Where are your mess of sons to back you now?
The wanton Edward and the lusty George?
And where’s that valiant crook-back prodigy,
Dicky your boy, that with his grumbling voice
Was wont to cheer his dad in mutinies?
Or, with the rest, where is your darling Rutland?
Look, York: I stain’d this napkin with the blood
That valiant Clifford with his rapier’s point
Made issue from the bosom of the boy;
And if thine eyes can water for his death,
I give thee this to dry thy cheeks withal.
Alas, poor York! but that I hate thee deadly,
I should lament thy miserable state.
I prithee, grieve, to make me merry, York.
What, hath thy fiery heart so parch’d thine entrails
That not a tear can fall for Rutland’s death?
Why art thou patient, man? Thou shouldst be mad;
And I, to make thee mad, do mock thee thus.
Stamp, rave, and fret, that I may sing and dance.
Thou wouldst be fee’d, I see, to make me sport;
York cannot speak unless he wear a crown.
A crown for York! – and, lords, bow low to him.
Hold you his hands whilst I do set it on.
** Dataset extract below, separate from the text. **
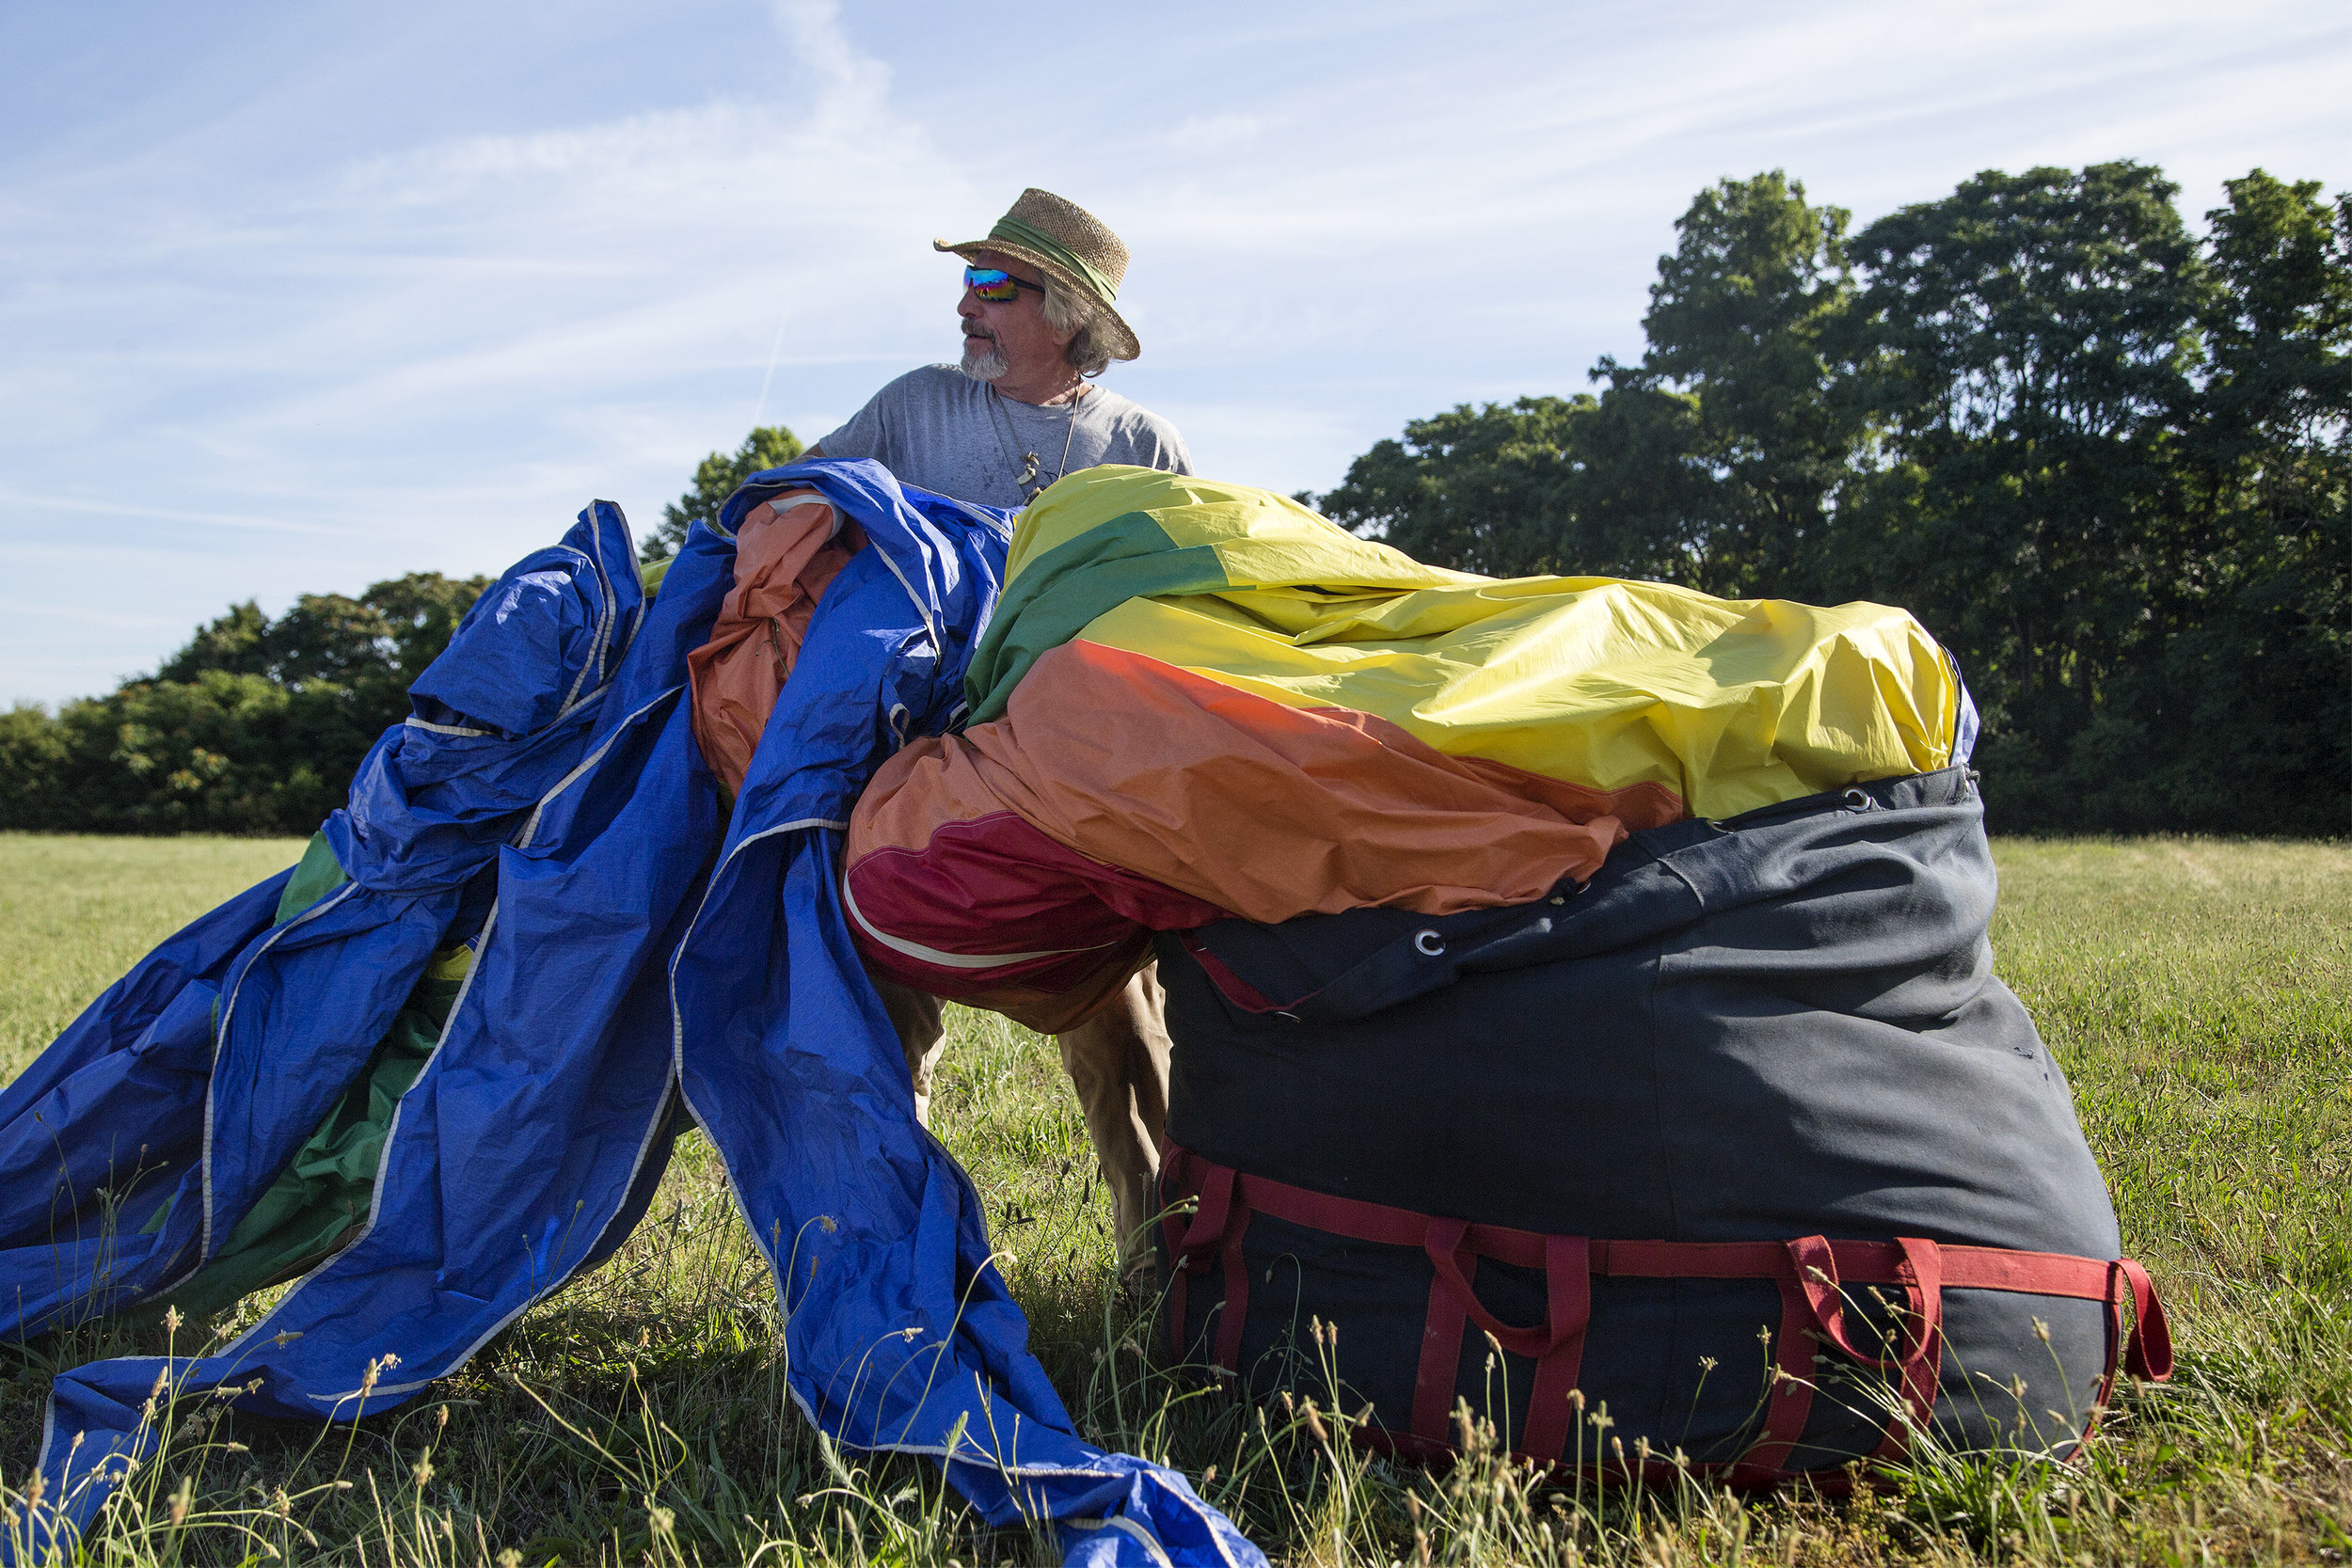  Luke Mason, a ground crew chief for Coastal Balloons, puts the Spectrum hot air balloon into its storage bag after a morning flight over Smithfield on June 4, 2019.

She puts a paper crown on York’s head.

Ay, marry, sir, now looks he like a king!
Ay, this is he that took King Henry’s chair,
And this is he was his adopted heir.
But how is it that great Plantagenet
Is crown’d so soon and broke his solemn oath?
As I bethink me, you should not be king
Till our King Henry had shook hands with death.
And will you pale your head in Henry’s glory,
And rob his temples of the diadem,
Now in his life, against your holy oath?
O, ’tis a fault too too unpardonable!
Off with the crown and with the crown his head;
And, whilst we breathe, take time to do him dead.

Unfamiliar Language

Wrought: Reached
Revell’d: Outburst
Preachment: Sermon/Lecture
High Descent: Important Ancestors
Wanton: Wild
Wont: Likely
Rapier: Sword
Bosom: Chest
Merry: Happy
Fee’d: Paid
Sport: Play/Entertain

Modern Translation

Brave warriors Clifford and Northumberland,
Come, make him stand on this molehill over here,
He tried to capture mountains with his outstretched arms,
But only got their shadows.

What were you supposed to be the King of England?
Wasn’t it you who had a tantrum in halls of our parliament
And carried on about your great lineage?
Where is your gang of children to back you up now?
The wild Edward and the sex crazed George?
And where’s that brave hunchbacked child of yours, Dicky?
With his grumbling voice was likely to cheer on his dear dad as he committed mutiny?
What about the rest? Where is your dear Rutland?
Look at this York, I’ve got a hanky stained with his blood from where
The valiant Clifford just stabbed him in the chest.
And if you cry over his death I’ll give this hanky to dry them.
Oh poor York! If I didn’t hate you so much I might feel bad about how sad you are.
I bed you, cry for me to make me happy.
What? Has your fiery heart dried up all your tears and now you can;t shed one for Rutland?
Why are you so calm? You should be going crazy! I’ll make you crazy by mocking you.
Stamp! Go crazy! Panic so I can sing and dance!
Oh I see, you must be paid to entertain me.
York can’t speak unless he has a crown?
A crown for York! And you two soldiers hold him down while I put it on.

Yes, there you go, now he looks like a King!
Yes this the one that stole King Henry’s throne.
And this is the man who became his adopted heir.
But how did the great Plantagenet become King so quickly?
Did you break your solemn vow?
I thought you weren’t supposed to be King until after Henry died?
And will you steal his crown while he’s still alive and break your holy oath?
Oh, that would be unforgivable!
Take off the crown and his head along with it!
And while I take a break, kill him slowly.

Notes on Performance

It can be really easy to fall into playing the bad gal, or the evil queen in this speech. Don’t just go for surface level ‘evilness’. Think on the history these two characters have together and what the truth of this situation is for Margaret.

Speaking of, if you can, I would highly recommend understanding the journey of this character by reading parts 1 and 2 of Henry VI. Margaret has one of the most interesting and long character arcs of any of Shakespeare’s characters so if you have time to investigate that I would.

You can play within this speech. Even though the subject matter is quite grim it doesn;t mean she isn’t having some fun with it. She is almost revelling in the fact that she can enact her revenge now on York.